Мейрам вдруг ощутила, как внутренности скручивает узлом. Не удержалась, опустилась на колени в дорожную пыль, застонала. А потом ее практически вывернуло наизнанку.
Сабир склонился, заботливо придержал распущенные волосы, чтобы те не испачкались. Не проявив ни капли брезгливости, дождался, пока девушку перестало сотрясать в конвульсиях. Приказал охране принести воды, смочил тонкий платок, обтер бледное лицо сестры, помог встать.
— Твоя реакция вполне обычна. Чтобы спокойно смотреть на умерших нужна привычка. Ничего, сейчас станет легче, — он попытался обнять ее дрожащие плечи, но Мейрам отшатнулась, словно дикий зверь.
— Ты, ты…! — выдавила она из себя, задыхаясь от ярости. Вовремя замолчала, слишком много вокруг лишних ушей и глаз.
— Договаривай.
Он стоял, чуть склонив голову, и наслаждался ее смятением. Сабиру было приятно направлять ее чувства, предугадывать поступки, играть, как кот с мышью.
— Ты чудовище!
— Да, — легко согласился император. — Я чудовище. И любящий брат. Если бы я поступил так, как велит закон, то твое место было бы на одном из этих столбов, — он обвел окружающее пространство рукой, не отрывая взгляда от сестры. — Думаешь, я не знаю, что за несколько дней до резни ты встречалась с этим предателем? И раньше, много раз навещала его.

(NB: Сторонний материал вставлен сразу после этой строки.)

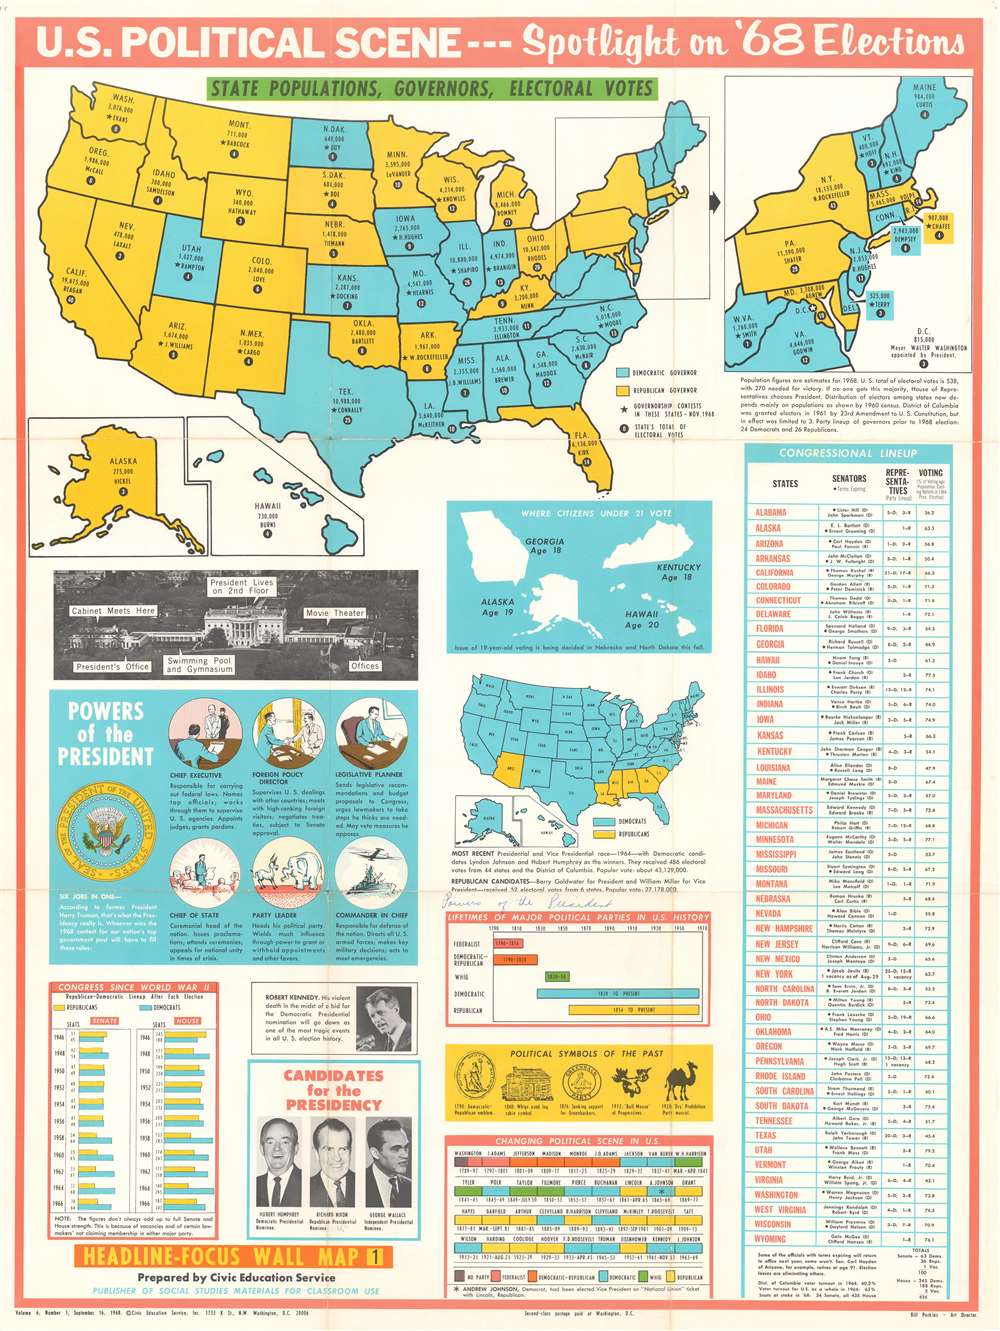 Headline Focus Wall Map 1. U.S. Political Scene - - Spotlight on '68 Elections. - Main View
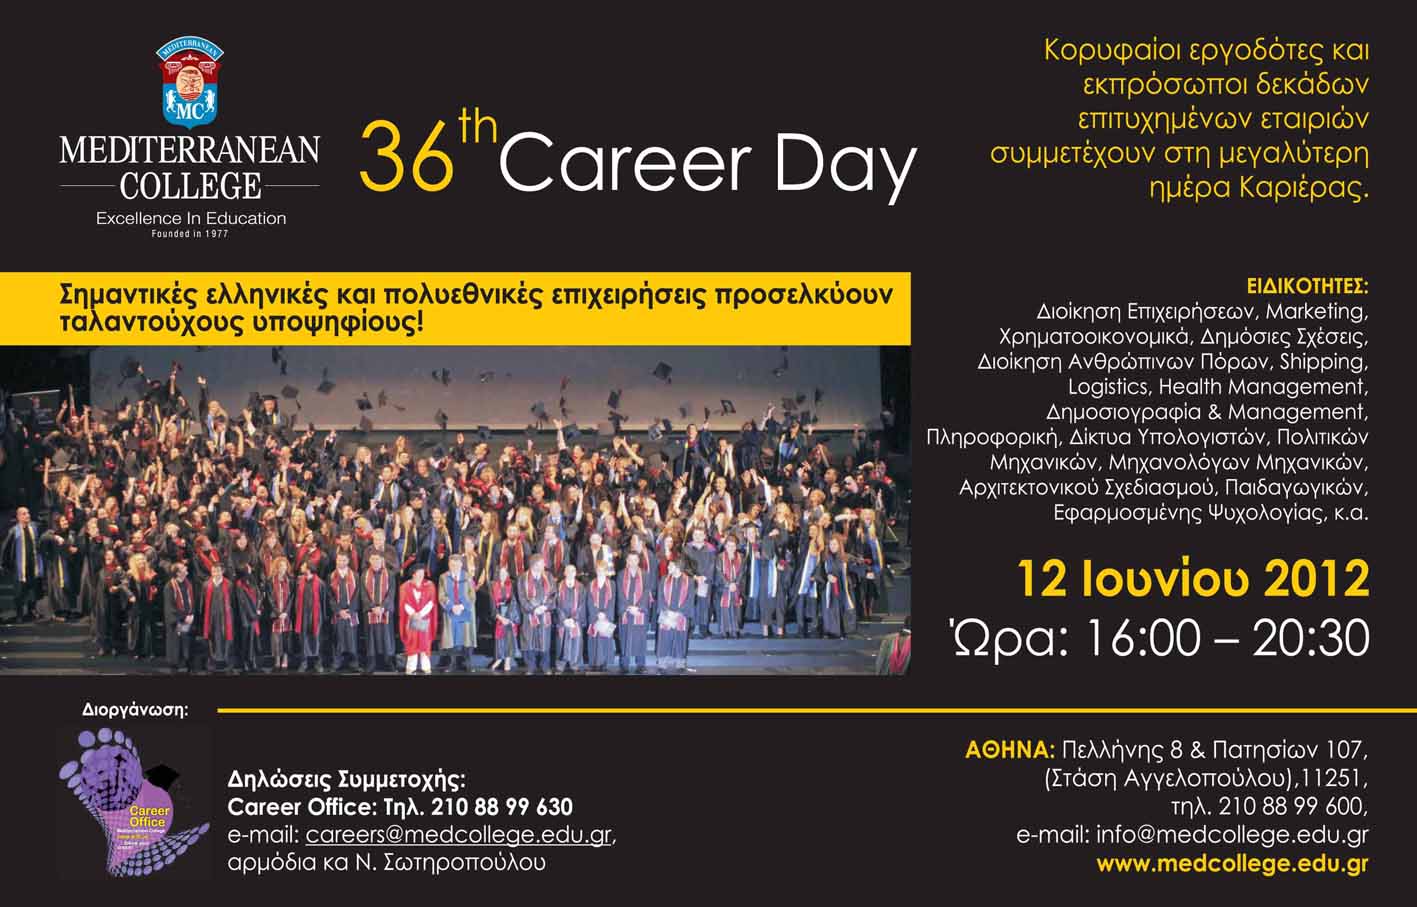 Mediterranean College 36th Career Day: Σημαντικές ελληνικές και πολυεθνικές επιχειρήσεις προσελκύουν ταλαντούχους υποψηφίους!

Зачем? Ты, слабая и беззащитная, выжила в Недоре, тогда как Ундес, умнейший человек и сильный воин, погиб. Я не забыл, что ты непостижимым образом оказалась в одном храме с изменником Дияром в ночь, когда меня чуть не убили. Что ты делала там, сестра? Совпадение это или злой умысел? О чем и с кем говорила? Что и кому обещала?
В два шага покрыв разделяющее их расстояние, сиятельный схватил Мейрам и тряхнул, словно безвольную куклу.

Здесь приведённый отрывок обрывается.